Author Matthew Polly, who spent two years studying kung fu at the Shaolin Temple in Henan, China, spent 10 years researching and conducting interviews to write the most in-depth look at Lee, aka the Little Dragon. Did you know he taught cha-cha lessons for a dollar? Considered going to dental school? Had an undescended testicle? Is part Jewish (via his Dutch Jewish great-grandfather)? I mean, let’s face it. It wasn’t until after he died at the uber young age of 32 in Hong Kong that he became a bona fide star in the United States.

 

Born in San Francisco, Lee, who started acting as a baby, spent years trying to make it big in Hollywood, appearing in TV shows such as The Green Hornet. But he was finally recognized for his talent in the film The Big Boss. This led to his three most famous and, sadly, final movies: Fist of Fury, Way of the Dragon and Enter the Dragon; the latter, Lee’s last movie, was his first and only starring role in a Hollywood film (the first two he starred in but were produced by a Hong Kong company).  

 

Polly’s biography tells the tales of how Lee was kicked out of school for fighting, started his first martial arts school in Seattle at 19, then moved to Oakland and Los Angeles.
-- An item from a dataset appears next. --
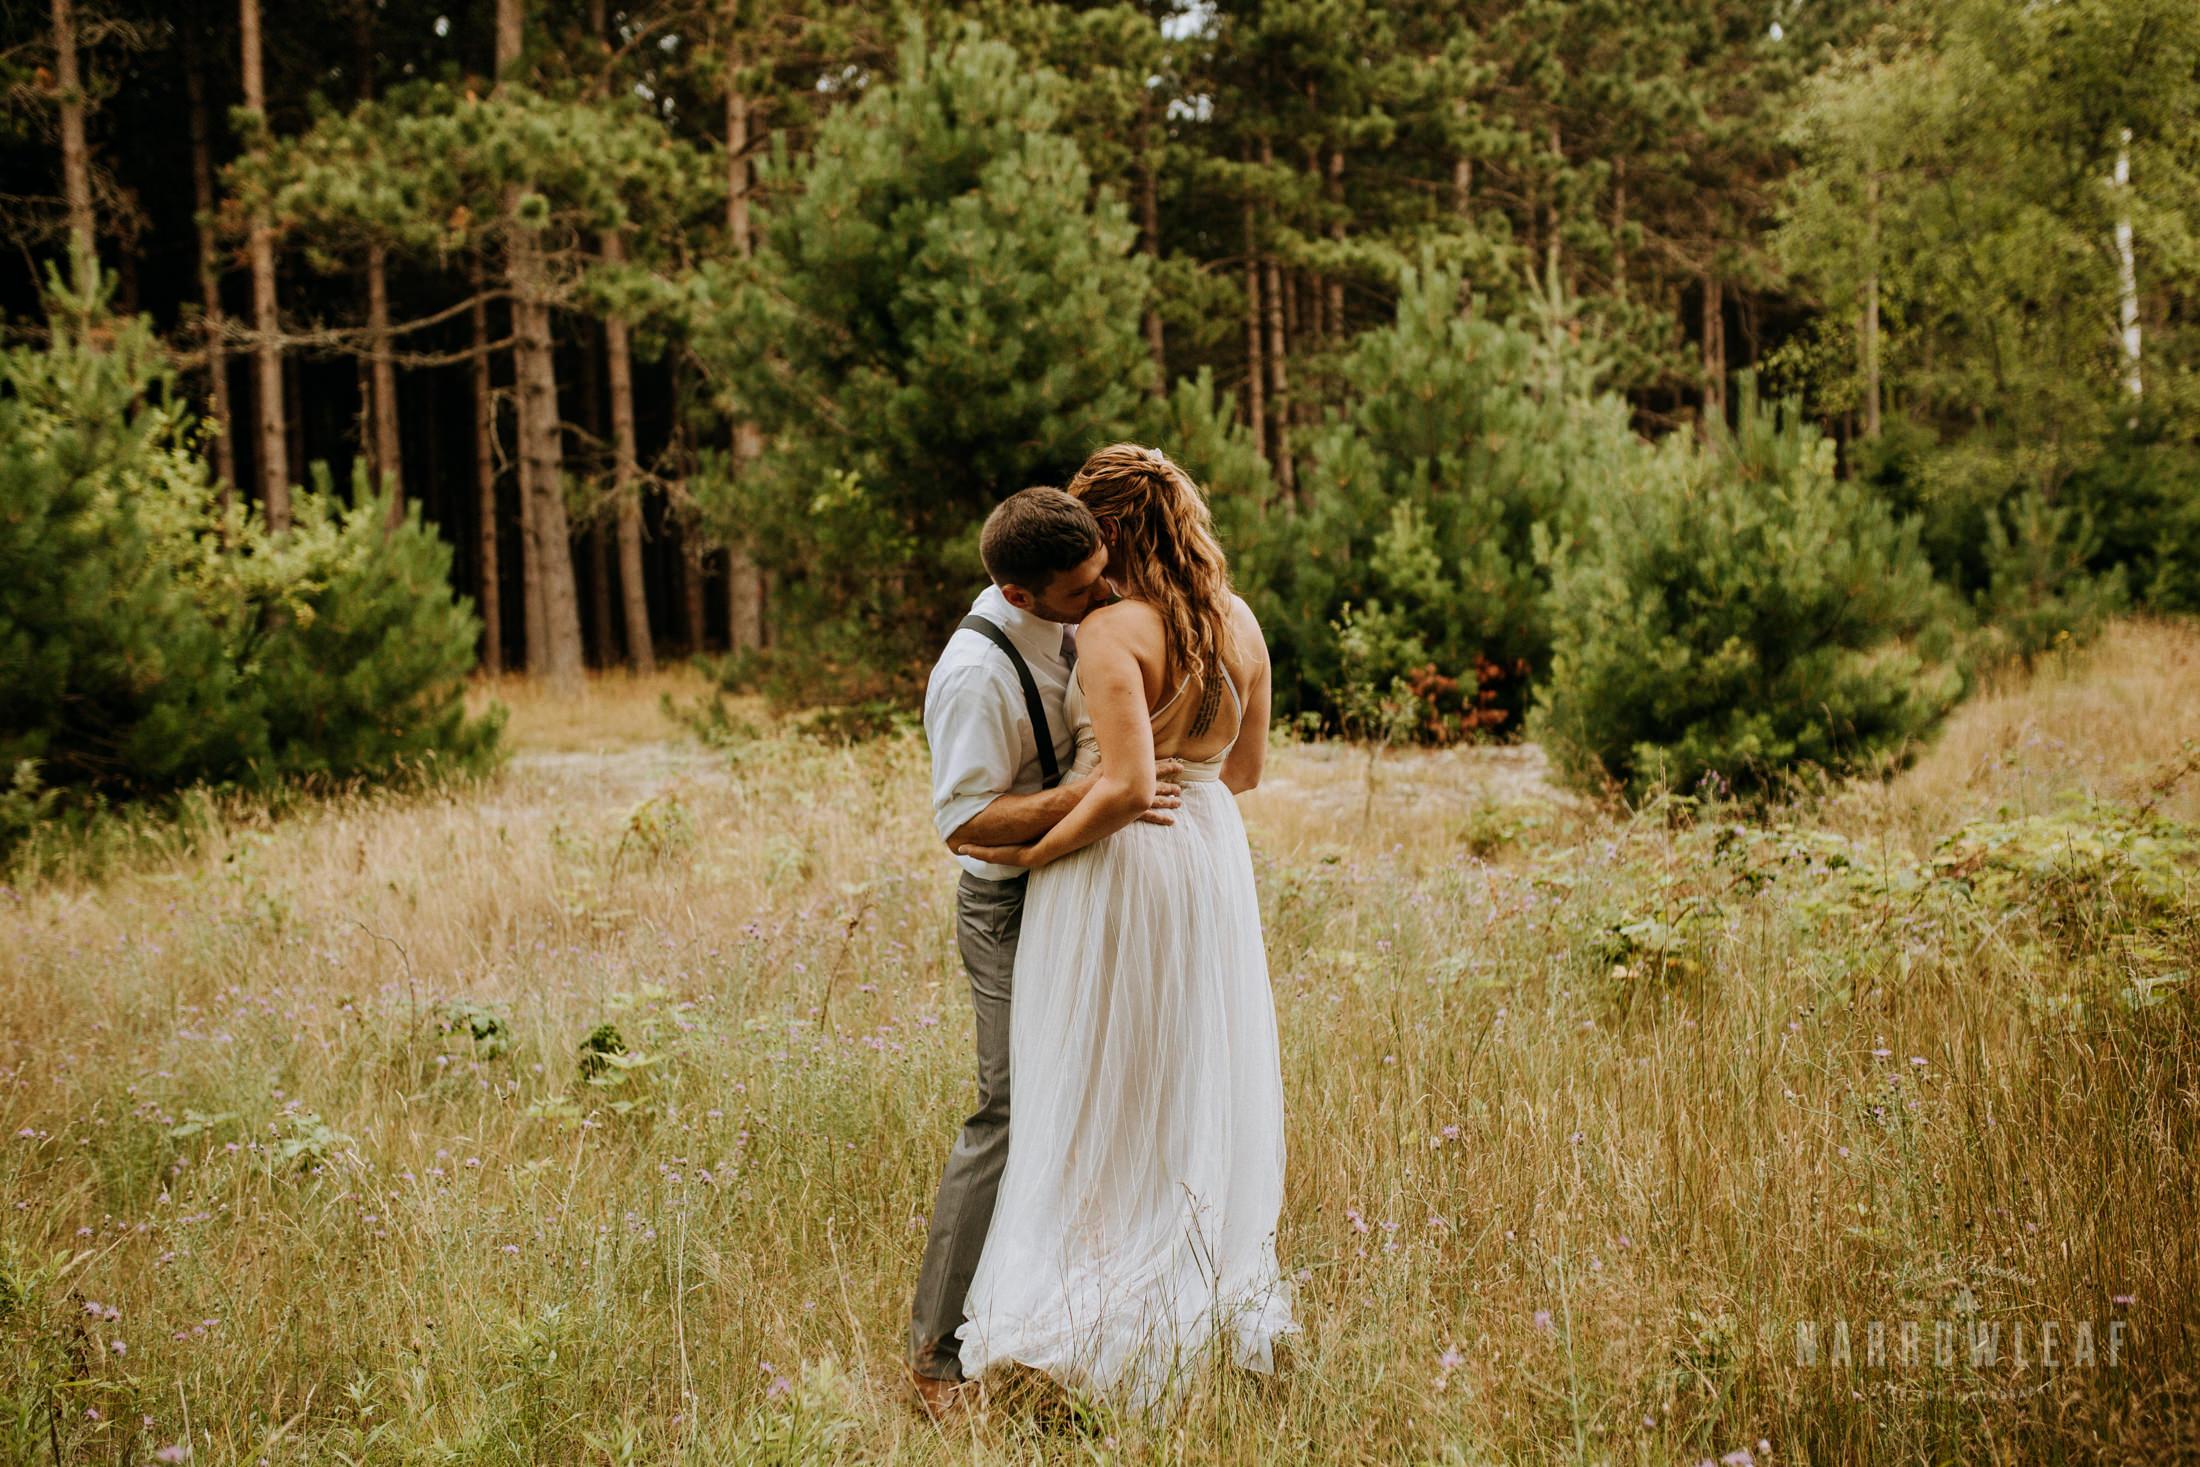 door-county-wedding-photographer-in-the-woods-Narrowleaf_Love_and_Adventure_Photography-9481.jpg

It was in L.A. where Lee was the teacher or “sifu” for such stars as James Coburn, Kareen Abdul Jabbar, Chuck Norris, and the coolest cat ever, Steve McQueen, who Lee wanted to be more famous than. And eventually was.

 

Bruce wanted to be rich and famous and the “best kung fu man in the world!” He squandered money to live a lavish life. He was always ultra-confident. In 1969, when nobody thought this short Asian guy would be anything but a trainer or fight choreographer, Lee wrote a letter to himself setting out a goal: “Starting 1970 I will achieve world fame and from then onward till the end of 1980 I will have in my possession $10,000,000.” Lee accomplished everything he set his mind to.